Symmetries, conservation laws, and cohomology of Maxwell's equations using potentials

TL;DR

This paper derives new nonlocal symmetries and conservation laws for Maxwell's equations using a covariant joint potential system, highlighting invariance under duality and revealing geometric symmetries related to Killing-Yano tensors.

Contribution

It introduces a classification of all geometric symmetries of the joint potential system in Lorentz gauge, uncovering new nonlocal symmetries and conservation laws based on cohomology and geometric structures.

Findings

New nonlocal symmetries invariant under duality transformation.

Construction of nonlocal conservation laws from geometric symmetries.

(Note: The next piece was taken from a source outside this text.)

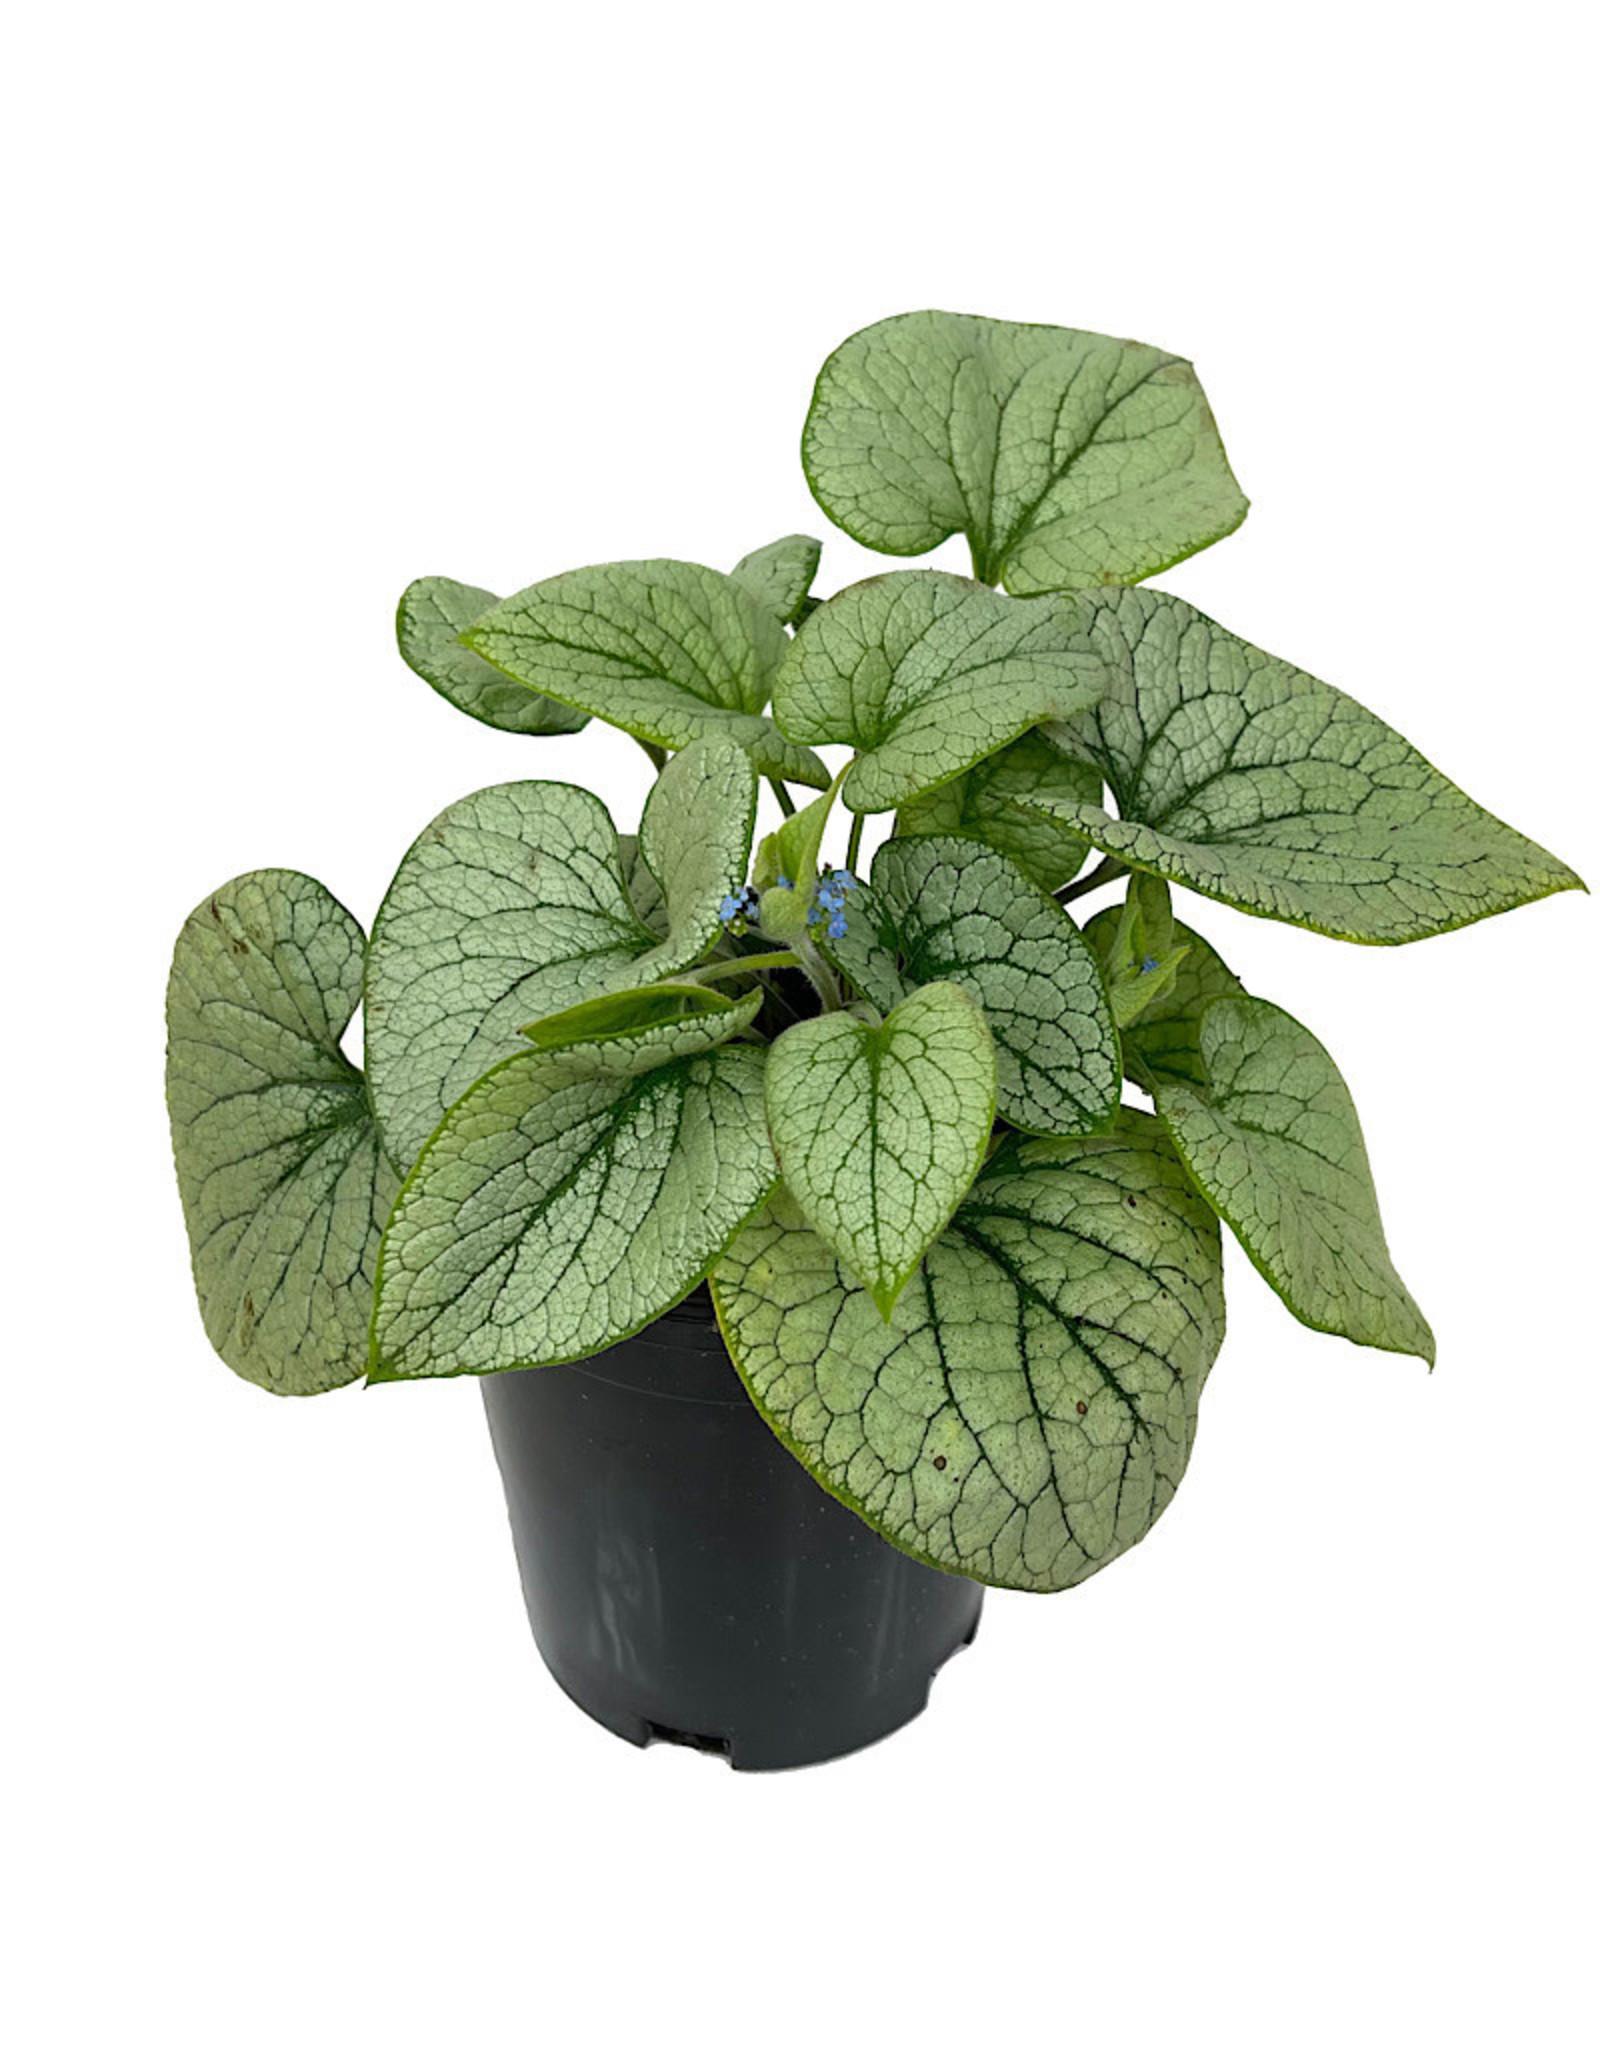 Brunnera macrophylla 'Alchemy Silver' 1 Gallon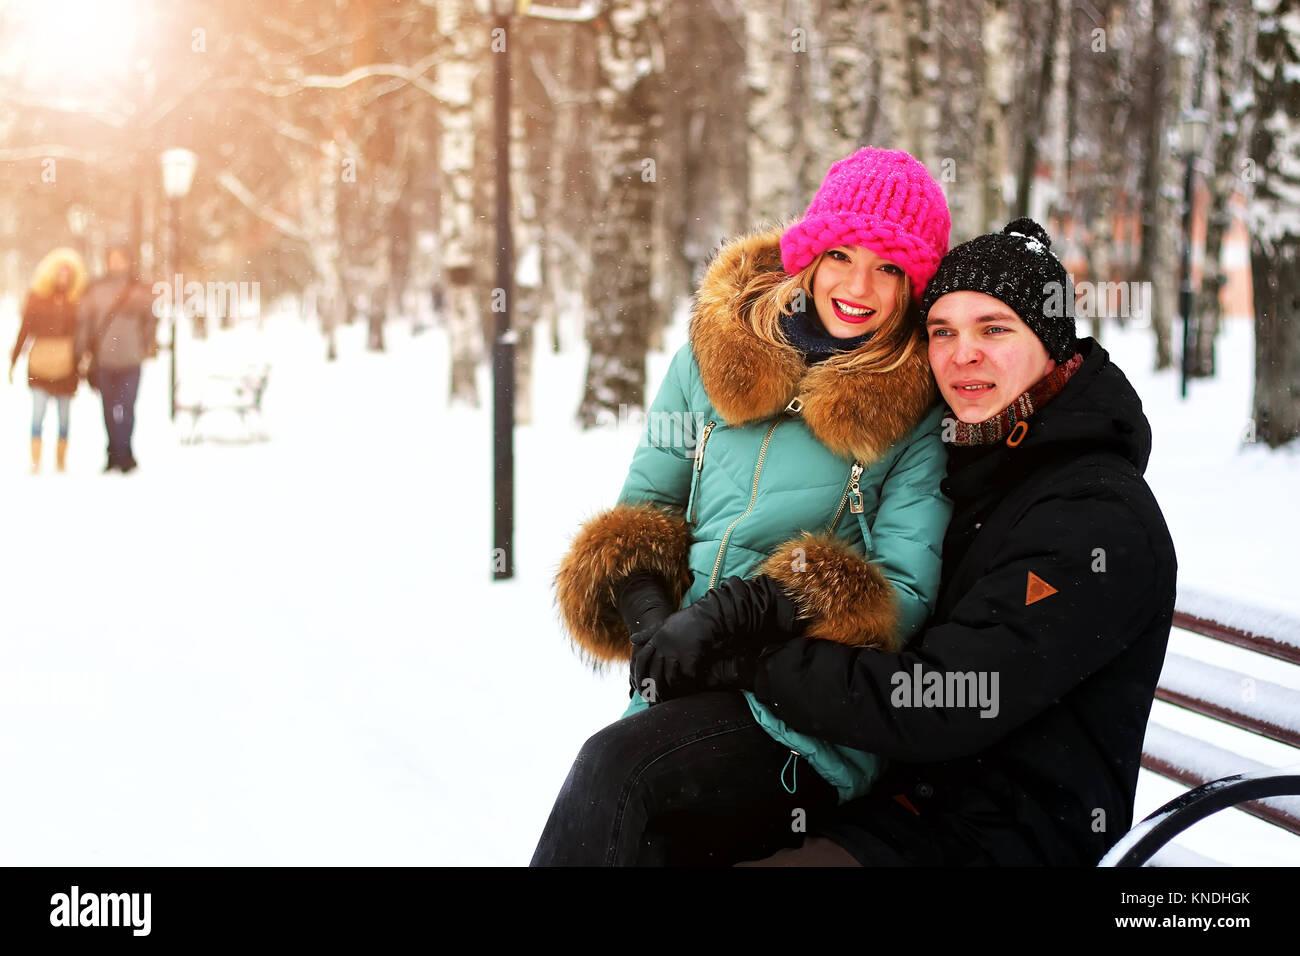 lover heterosexuals on a date in the winter - Stock Image

Cohomology analysis showing electromagnetic field forms as the only nontrivial classes.

Abstract

New nonlocal symmetries and conservation laws are derived for Maxwell's equations using a covariant system of joint vector potentials for the electromagnetic tensor field and its dual. A key property of this system, as well as of this class of new symmetries and conservation laws, is their invariance under the duality transformation that exchanges the electromagnetic field with its dual. The nonlocal symmetries of Maxwell's equations come from an explicit classification of all symmetries of a certain geometric form admitted by the joint potential system in Lorentz gauge. In addition to scaling and duality-rotation symmetries, and the well-known Poincare and dilation symmetries which involve homothetic Killing vectors, the classification yields new geometric symmetries involving Killing-Yano tensors related to rotations/boosts and inversions. The nonlocal conservation laws of Maxwell's equations are constructed from these geometric symmetries by applying a formula that uses the joint potentials and directly generates conserved currents from any (local or nonlocal) symmetries of Maxwell's equations. This formula is shown to arise through a series of mappings that relate, respectively, symmetries/adjoint-symmetries of the joint potential system and adjoint-symmetries/symmetries of Maxwell's equations. The mappings are derived as by-products of the study of cohomology of closed 1-forms and 2-forms locally constructed from the electromagnetic field and its derivatives to some finite order for all solutions of Maxwell's equations. The only nontrivial cohomology is shown to consist of the electromagnetic field (2-form) itself as well as its dual (2-form), and this 2-form cohomology is killed by the introduction of corresponding potentials.